ABOUT THIS EXERCISE:
The data must be transcribed exactly, with no line missing.
****************
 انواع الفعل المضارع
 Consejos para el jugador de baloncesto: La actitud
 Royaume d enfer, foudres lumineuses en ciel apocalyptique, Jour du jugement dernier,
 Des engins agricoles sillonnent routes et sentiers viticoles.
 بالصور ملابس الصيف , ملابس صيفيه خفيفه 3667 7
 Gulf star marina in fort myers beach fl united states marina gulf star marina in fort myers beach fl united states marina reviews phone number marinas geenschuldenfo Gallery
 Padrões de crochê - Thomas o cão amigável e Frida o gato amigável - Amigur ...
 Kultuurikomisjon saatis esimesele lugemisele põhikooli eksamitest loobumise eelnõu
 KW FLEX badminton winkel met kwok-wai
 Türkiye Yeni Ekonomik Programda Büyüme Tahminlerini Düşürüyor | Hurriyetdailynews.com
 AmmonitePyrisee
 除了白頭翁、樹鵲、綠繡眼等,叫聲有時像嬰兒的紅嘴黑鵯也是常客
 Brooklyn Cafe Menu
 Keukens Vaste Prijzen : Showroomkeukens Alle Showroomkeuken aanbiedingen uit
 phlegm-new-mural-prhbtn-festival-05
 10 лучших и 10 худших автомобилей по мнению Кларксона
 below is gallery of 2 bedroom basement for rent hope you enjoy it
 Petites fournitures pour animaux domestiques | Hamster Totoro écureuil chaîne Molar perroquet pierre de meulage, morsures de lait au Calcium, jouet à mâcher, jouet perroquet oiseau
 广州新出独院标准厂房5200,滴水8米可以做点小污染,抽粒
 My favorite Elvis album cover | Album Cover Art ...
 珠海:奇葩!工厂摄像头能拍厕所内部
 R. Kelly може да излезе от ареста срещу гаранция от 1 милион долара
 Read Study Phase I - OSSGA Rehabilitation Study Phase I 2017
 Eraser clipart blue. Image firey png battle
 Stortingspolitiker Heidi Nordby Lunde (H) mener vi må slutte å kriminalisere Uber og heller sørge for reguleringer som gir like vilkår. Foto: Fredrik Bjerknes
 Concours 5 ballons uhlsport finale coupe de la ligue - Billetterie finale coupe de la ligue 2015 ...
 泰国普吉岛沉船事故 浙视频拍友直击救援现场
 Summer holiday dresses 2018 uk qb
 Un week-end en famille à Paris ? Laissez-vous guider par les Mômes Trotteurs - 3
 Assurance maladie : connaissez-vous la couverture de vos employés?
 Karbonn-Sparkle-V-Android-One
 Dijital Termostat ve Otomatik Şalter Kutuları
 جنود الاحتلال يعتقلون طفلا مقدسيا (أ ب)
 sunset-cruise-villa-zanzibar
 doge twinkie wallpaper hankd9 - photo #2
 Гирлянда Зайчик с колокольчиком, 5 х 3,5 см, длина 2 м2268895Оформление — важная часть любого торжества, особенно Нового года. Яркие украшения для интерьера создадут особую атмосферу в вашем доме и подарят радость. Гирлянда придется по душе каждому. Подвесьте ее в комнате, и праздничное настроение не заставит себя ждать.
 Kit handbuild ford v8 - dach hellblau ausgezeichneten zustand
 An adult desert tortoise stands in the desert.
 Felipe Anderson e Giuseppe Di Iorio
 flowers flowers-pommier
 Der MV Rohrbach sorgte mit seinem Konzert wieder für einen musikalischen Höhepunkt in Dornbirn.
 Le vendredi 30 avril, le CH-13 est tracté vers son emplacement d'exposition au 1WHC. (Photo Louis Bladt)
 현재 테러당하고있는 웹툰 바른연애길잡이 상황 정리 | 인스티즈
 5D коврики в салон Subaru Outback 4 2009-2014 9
****************
TASK ANSWER:
 انواع الفعل المضارع
 Consejos para el jugador de baloncesto: La actitud
 Royaume d enfer, foudres lumineuses en ciel apocalyptique, Jour du jugement dernier,
 Des engins agricoles sillonnent routes et sentiers viticoles.
 بالصور ملابس الصيف , ملابس صيفيه خفيفه 3667 7
 Gulf star marina in fort myers beach fl united states marina gulf star marina in fort myers beach fl united states marina reviews phone number marinas geenschuldenfo Gallery
 Padrões de crochê - Thomas o cão amigável e Frida o gato amigável - Amigur ...
 Kultuurikomisjon saatis esimesele lugemisele põhikooli eksamitest loobumise eelnõu
 KW FLEX badminton winkel met kwok-wai
 Türkiye Yeni Ekonomik Programda Büyüme Tahminlerini Düşürüyor | Hurriyetdailynews.com
 AmmonitePyrisee
 除了白頭翁、樹鵲、綠繡眼等,叫聲有時像嬰兒的紅嘴黑鵯也是常客
 Brooklyn Cafe Menu
 Keukens Vaste Prijzen : Showroomkeukens Alle Showroomkeuken aanbiedingen uit
 phlegm-new-mural-prhbtn-festival-05
 10 лучших и 10 худших автомобилей по мнению Кларксона
 below is gallery of 2 bedroom basement for rent hope you enjoy it
 Petites fournitures pour animaux domestiques | Hamster Totoro écureuil chaîne Molar perroquet pierre de meulage, morsures de lait au Calcium, jouet à mâcher, jouet perroquet oiseau
 广州新出独院标准厂房5200,滴水8米可以做点小污染,抽粒
 My favorite Elvis album cover | Album Cover Art ...
 珠海:奇葩!工厂摄像头能拍厕所内部
 R. Kelly може да излезе от ареста срещу гаранция от 1 милион долара
 Read Study Phase I - OSSGA Rehabilitation Study Phase I 2017
 Eraser clipart blue. Image firey png battle
 Stortingspolitiker Heidi Nordby Lunde (H) mener vi må slutte å kriminalisere Uber og heller sørge for reguleringer som gir like vilkår. Foto: Fredrik Bjerknes
 Concours 5 ballons uhlsport finale coupe de la ligue - Billetterie finale coupe de la ligue 2015 ...
 泰国普吉岛沉船事故 浙视频拍友直击救援现场
 Summer holiday dresses 2018 uk qb
 Un week-end en famille à Paris ? Laissez-vous guider par les Mômes Trotteurs - 3
 Assurance maladie : connaissez-vous la couverture de vos employés?
 Karbonn-Sparkle-V-Android-One
 Dijital Termostat ve Otomatik Şalter Kutuları
 جنود الاحتلال يعتقلون طفلا مقدسيا (أ ب)
 sunset-cruise-villa-zanzibar
 doge twinkie wallpaper hankd9 - photo #2
 Гирлянда Зайчик с колокольчиком, 5 х 3,5 см, длина 2 м2268895Оформление — важная часть любого торжества, особенно Нового года. Яркие украшения для интерьера создадут особую атмосферу в вашем доме и подарят радость. Гирлянда придется по душе каждому. Подвесьте ее в комнате, и праздничное настроение не заставит себя ждать.
 Kit handbuild ford v8 - dach hellblau ausgezeichneten zustand
 An adult desert tortoise stands in the desert.
 Felipe Anderson e Giuseppe Di Iorio
 flowers flowers-pommier
 Der MV Rohrbach sorgte mit seinem Konzert wieder für einen musikalischen Höhepunkt in Dornbirn.
 Le vendredi 30 avril, le CH-13 est tracté vers son emplacement d'exposition au 1WHC. (Photo Louis Bladt)
 현재 테러당하고있는 웹툰 바른연애길잡이 상황 정리 | 인스티즈
 5D коврики в салон Subaru Outback 4 2009-2014 9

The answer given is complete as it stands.